Signaler au lieu de réguler…
Même si la question de la restriction des droits de la liberté d’expression est écartée, Ibrahima Lissa Faye pense que c’est déjà peine perdue pour l’Etat du Sénégal de vouloir réguler les réseaux sociaux.
« Il est difficile de faire une interprétation pour le moment , mais il faut savoir que le gouvernement se cherche encore . Depuis un bon bout de temps, il tente de trouver des solutions de régulation à travers des initiatives législatives qui n’ont jamais prospéré, parce que cette technique ne colle pas avec le fonctionnement des réseaux sociaux » a exposé le Président de l’Association des professionnels de la presse en ligne (Appel).
En résumé dit-il , il faut comprendre que la quintessence même des réseaux sociaux réside sur la liberté d’expression. Aucun des Etats n’a pu mettre des restrictions adéquates sur les réseaux sociaux.
Pour le journaliste et Directeur de publication de Pressafrik, l’Etat ne peut pas pour le moment réguler les Sénégalais sur les réseaux sociaux.
Une réflexion très bien partagée par Mountaga Cissé, formateur en nouveaux médias : « Il y a un fil rouge à ne pas franchir au risque de manœuvrer dans une forme de censure. Mais, il est clair que des dérives de toute nature fleurissent sur la toile. Cependant, je pense que la solution pour juguler ce fléau ne saurait être un dispositif pour contrôler les réseaux sociaux » rappelle l’expert.
Trouver la bonne formule…
Il urge dès lors, de réfléchir et trouver une bonne formule liée à l’encadrement des réseaux sociaux.
Le Sénégal dispose d’un arsenal juridique très fourni . Composé de cinq lois sur la société de l’information, le nouveau projet en cours concernant la régulation et l’encadrement, spécifique aux réseaux sociaux pourrait s’ajouter à cette chaine de valeur pour passer comme une lettre à la poste au moment venu.
« Je crois que l’Etat du Sénégal veut tout simplement mettre en place un dispositif d’encadrement à travers un projet de loi. L’idée n’est pas de bafouer la liberté d’expression des Sénégalais, mais c’est plutôt pour mieux encadrer l’espace pour éviter les excès observés ces dernières années » rassure une source proche de la présidence.
Il s’agit d’une instauration légale plus éthique, et plus respectueuse des droits civiques, et des valeurs morales de la République compte tenu de l’unicité et de l’ubiquité des réseaux sociaux.
Cependant, cette déclaration n’est pas convaincante dans la mesure où les questions de législations sur la protection des données à caractère personnel et sur la cybersécurité ont été déjà prises en charge par la convention de Malabo.

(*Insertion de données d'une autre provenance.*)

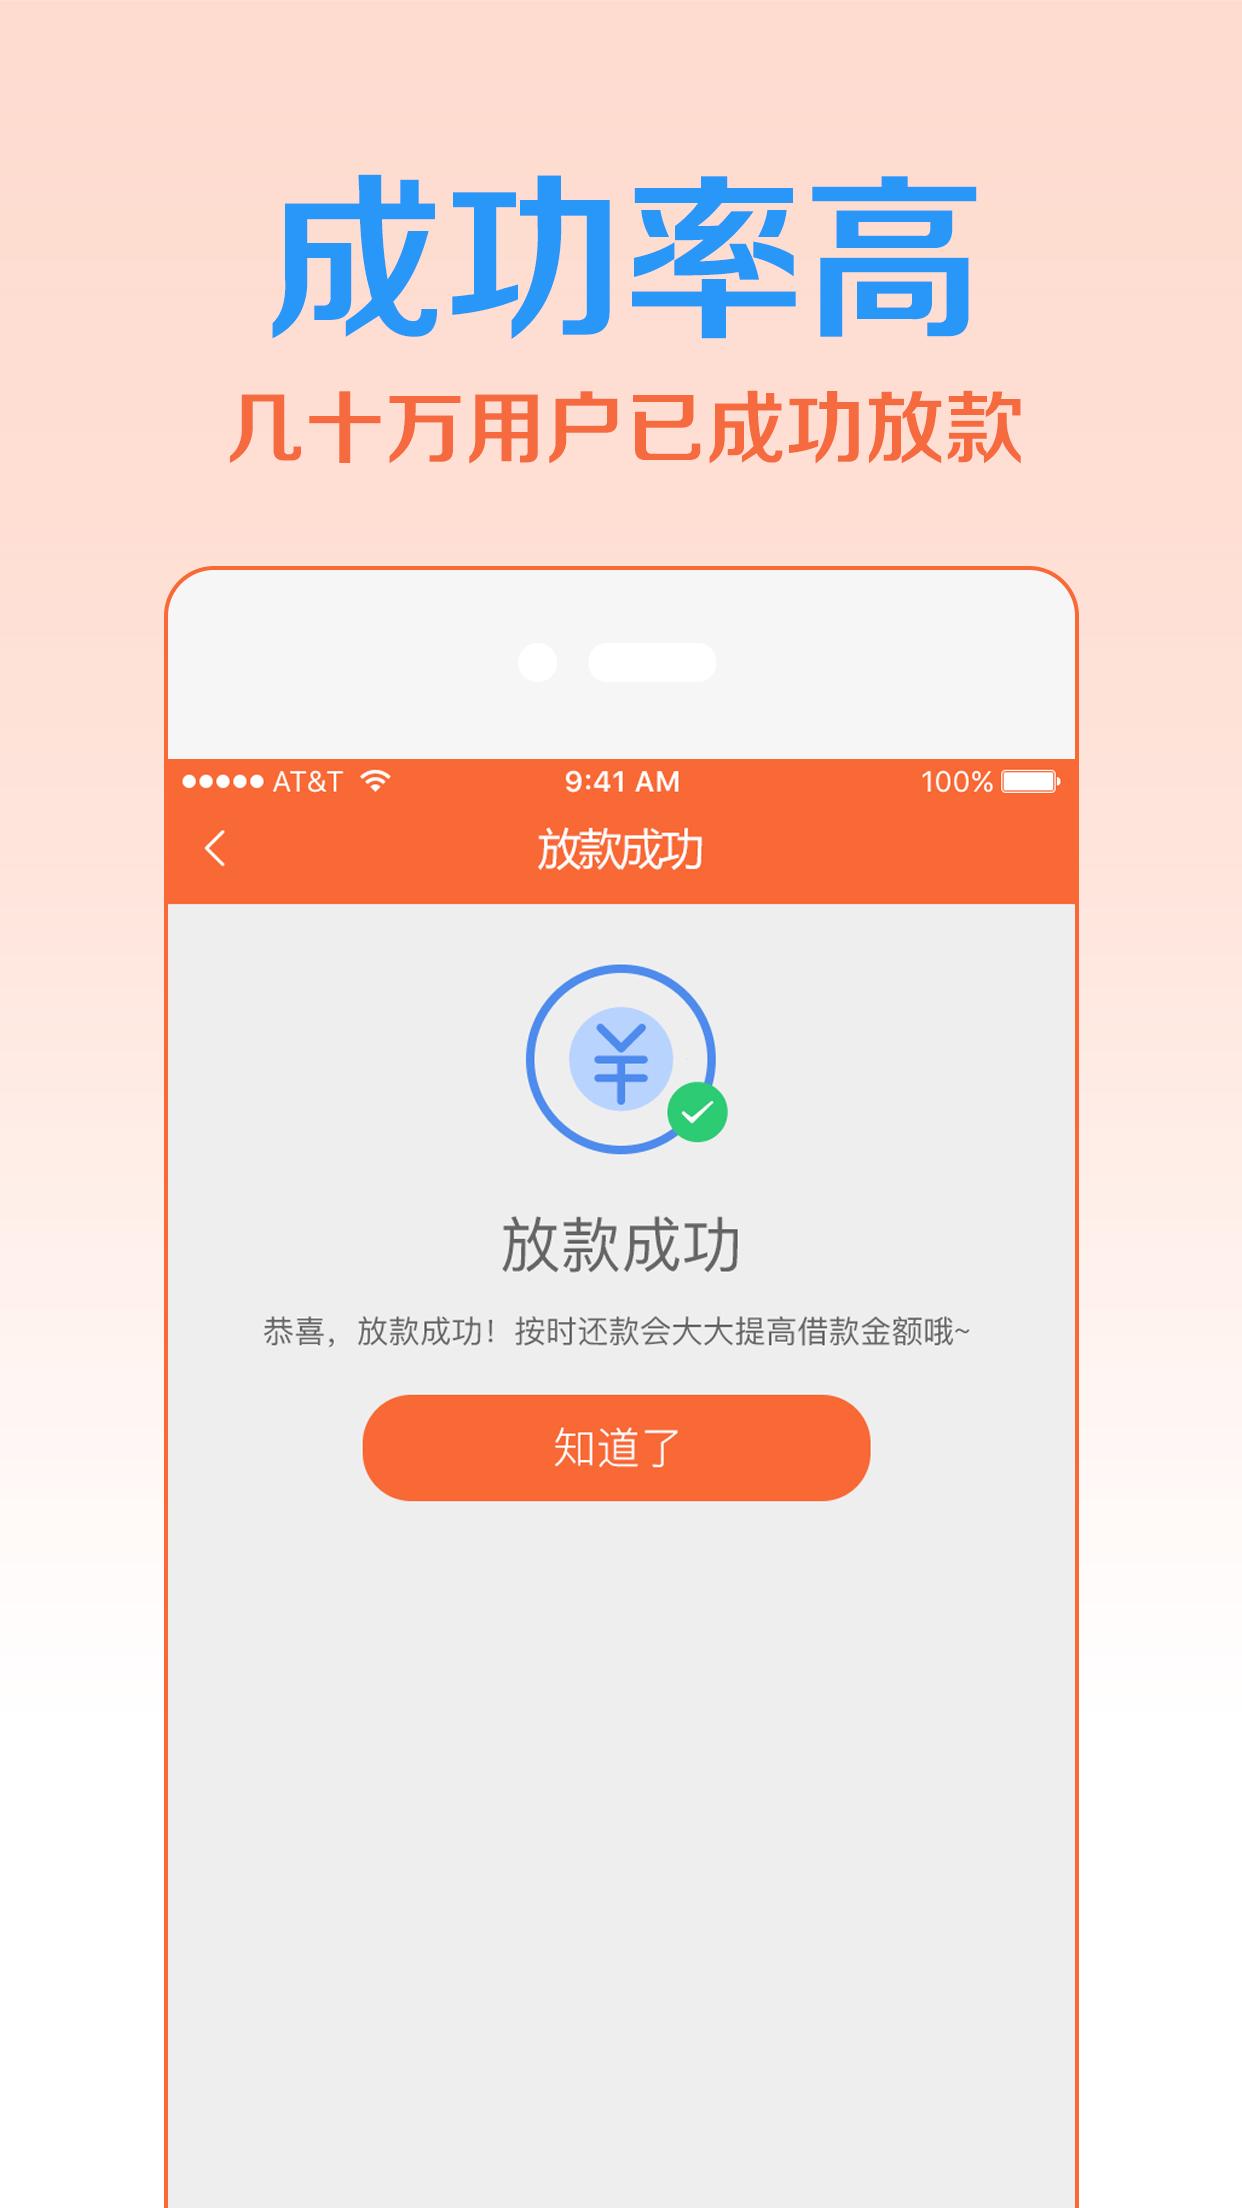 绿叶花借款app官方版下载图片1

Prendre les réseaux sociaux comme lieu de commission d’infractions impunies pour proposer un nouveau cadre normatif, prouve encore une fois que le gouvernement veut nier l’existence et « l’inefficacité » de son dispositif de lutte contre la cybercriminalité.
« Le fait de parler d’un dispositif de régulation et d’encadrement spécifique aux réseaux sociaux revient à dire aux Sénégalais que notre arsenal législatif ne prend pas en considération les réseaux sociaux. Avoir un texte qui parle spécifiquement d’un réseau ou des réseaux en particulier est une erreur, si demain un nouveau réseau social fait son apparition est ce qu’il faut encore un autre texte particulier ? » s’interroge Emmanuel Diokh.

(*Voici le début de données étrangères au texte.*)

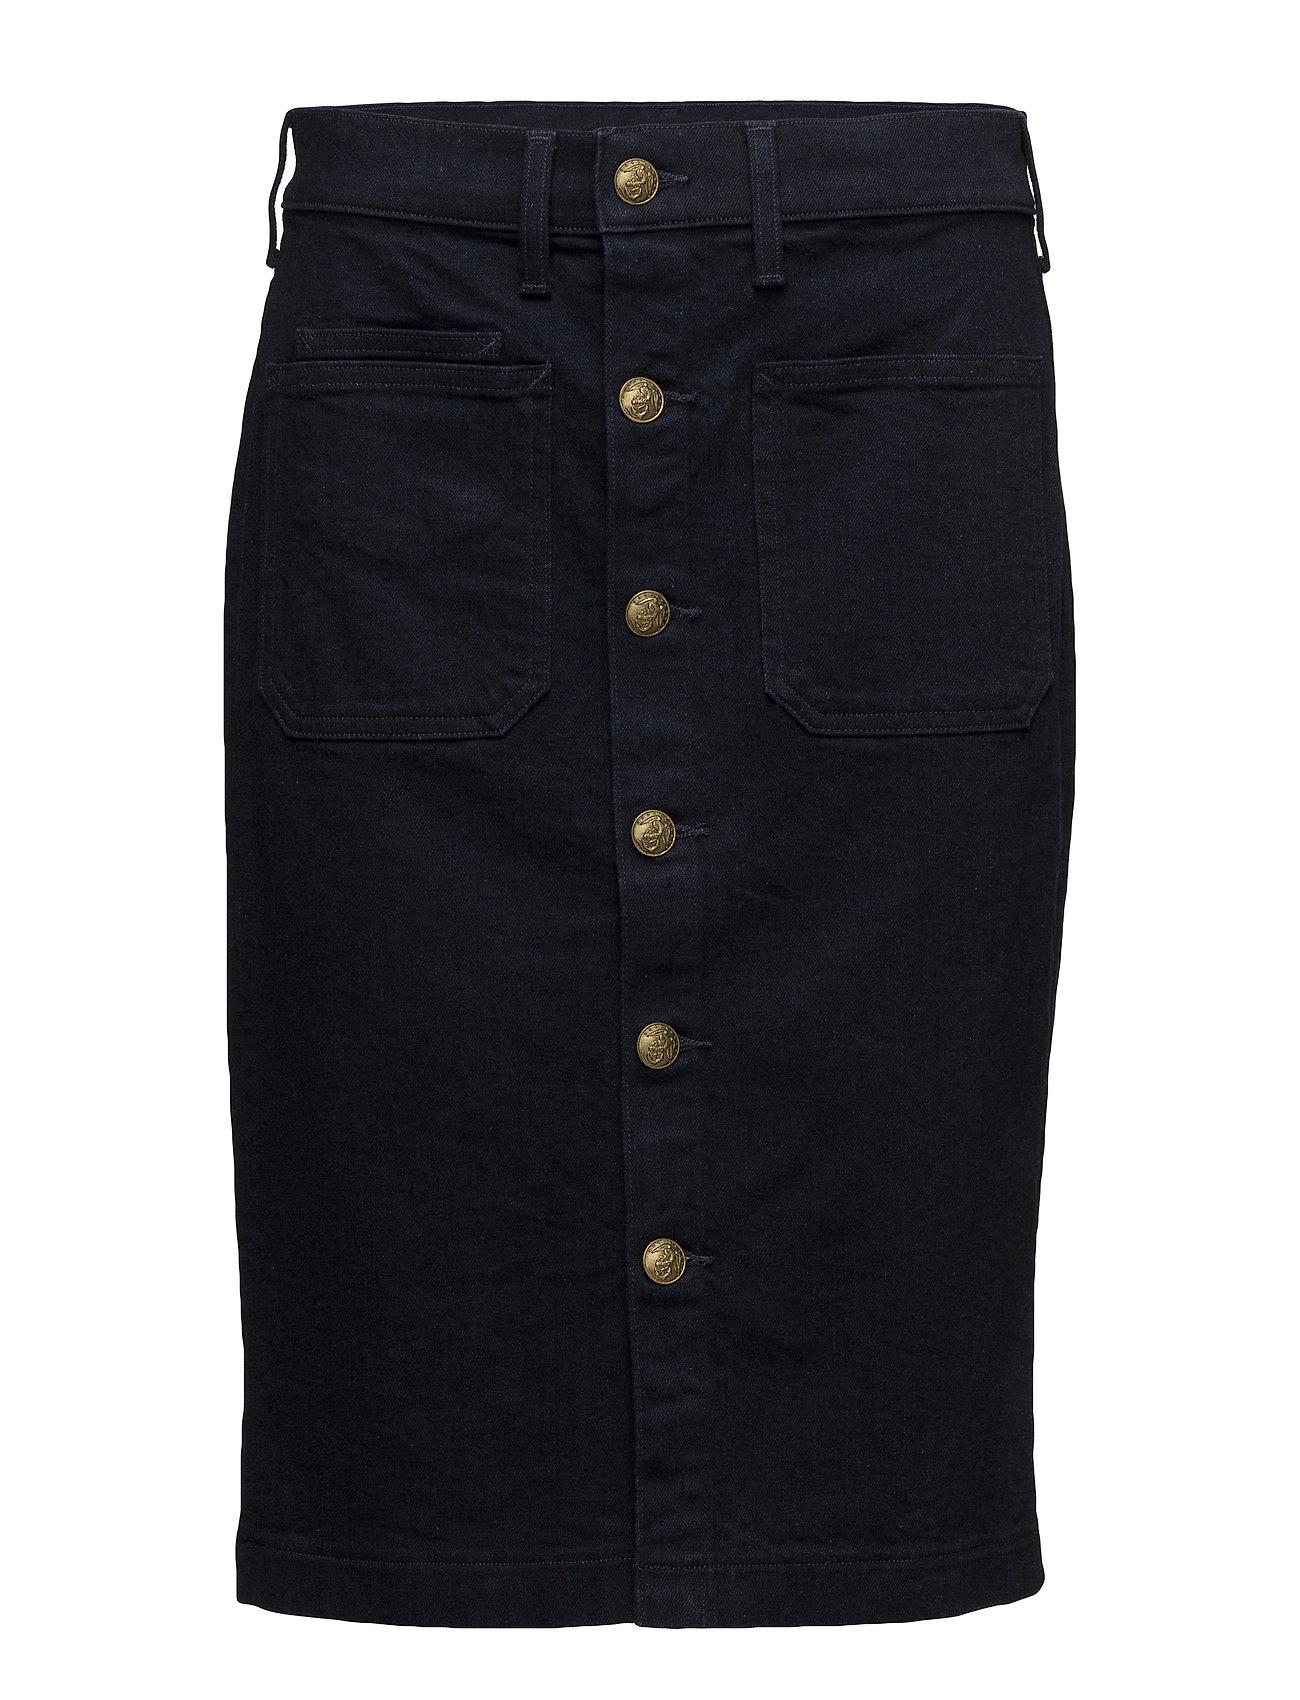 33ef0267e5 Stretch Denim Pencil Skirt (Dark Indigo) (109.97 €) - Polo Ralph ...

Le juriste IT se veut clair dans sa pensée « Si nous devons viser par exemple la diffamation, l’injure ou l’usurpation d’identité ou que sais-je encore, il ne faut pas cibler un ou des réseaux en particulier. En l’état, le Sénégal est outillé pour encadrer tous les faits qui se passent dans les réseaux sociaux«
Le nouveau dispositif annoncé par le gouvernement apparait comme un jeu de mots. Il risque de bafouer dans les jours qui viennent, la liberté d’expression sur les réseaux sociaux.

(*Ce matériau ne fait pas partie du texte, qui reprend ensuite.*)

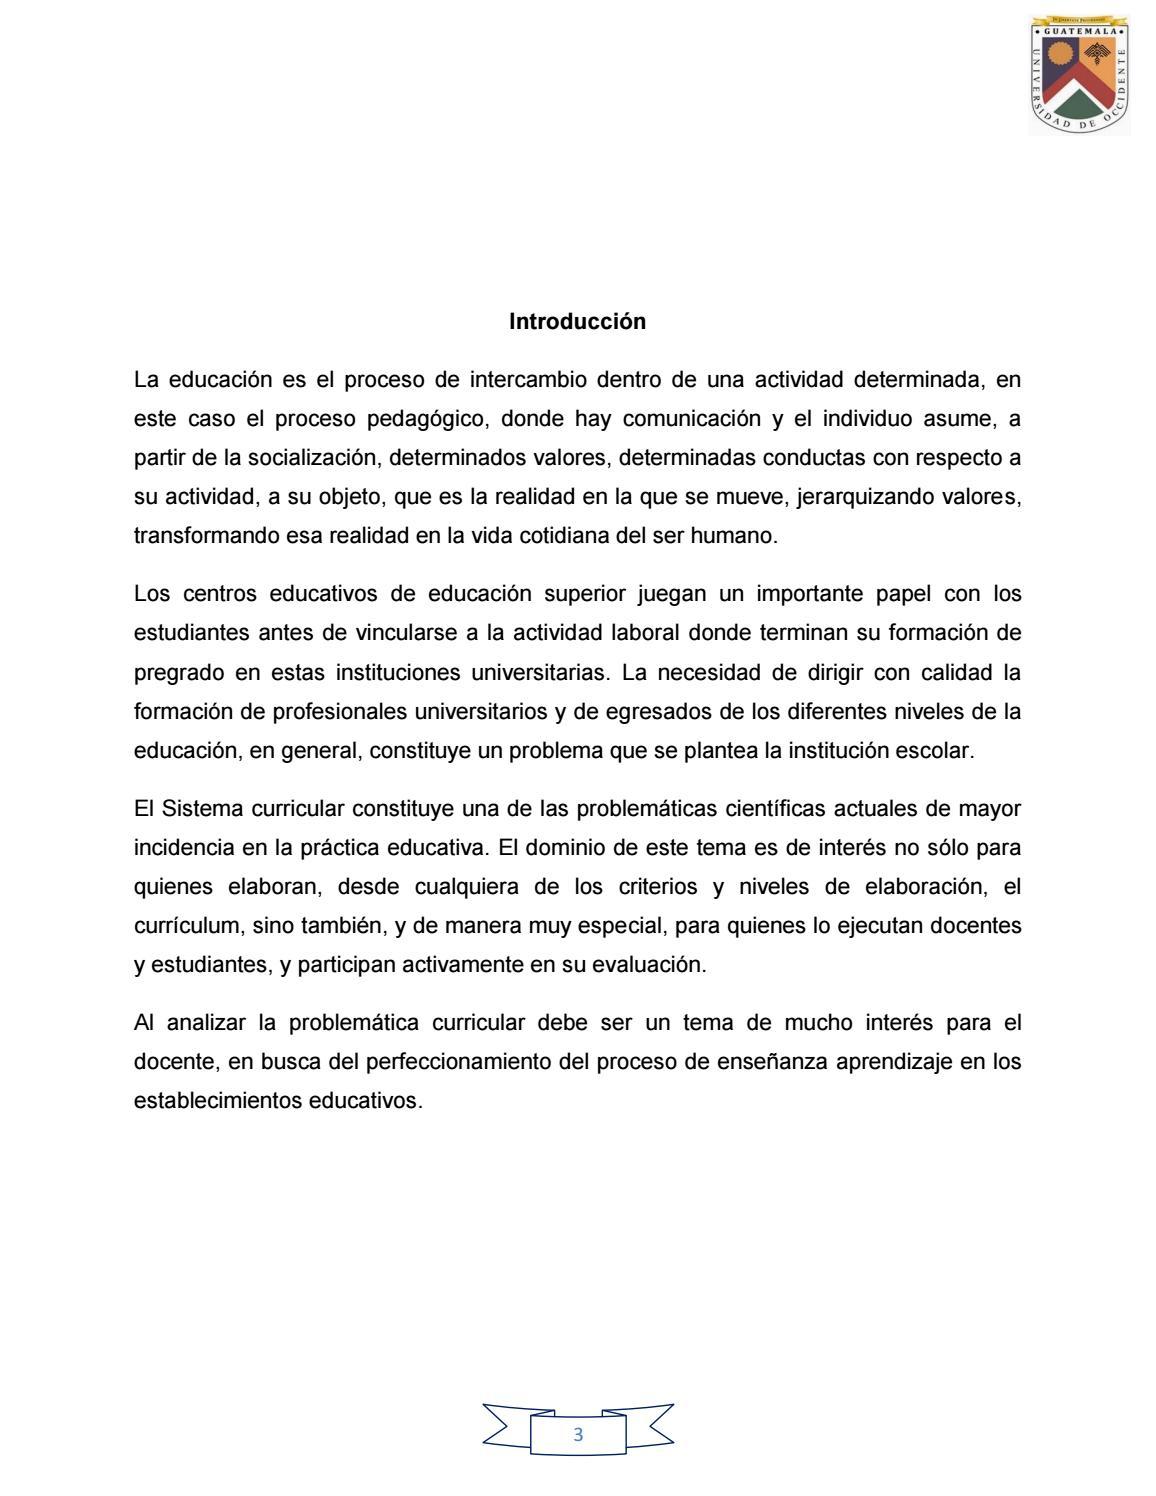 Vistoso Curriculum Vitae Para Estudiantes Universitarios Que Buscan ...

En 2017, la journaliste Oulèye Mané a été arrêtée pour avoir caricaturé le président de la République Macky Sall.
Quelques mois plus tard , c’était autour de la chanteuse Amy Collé. Cette dernière a été inculpée pour « offense au chef de l’État » et « diffusion de fausses nouvelles » à partir du réseau social WhatsApp.
Ce qui illustre clairement la volonté du gouvernement de faire des réseaux sociaux sa prochaine cible principale.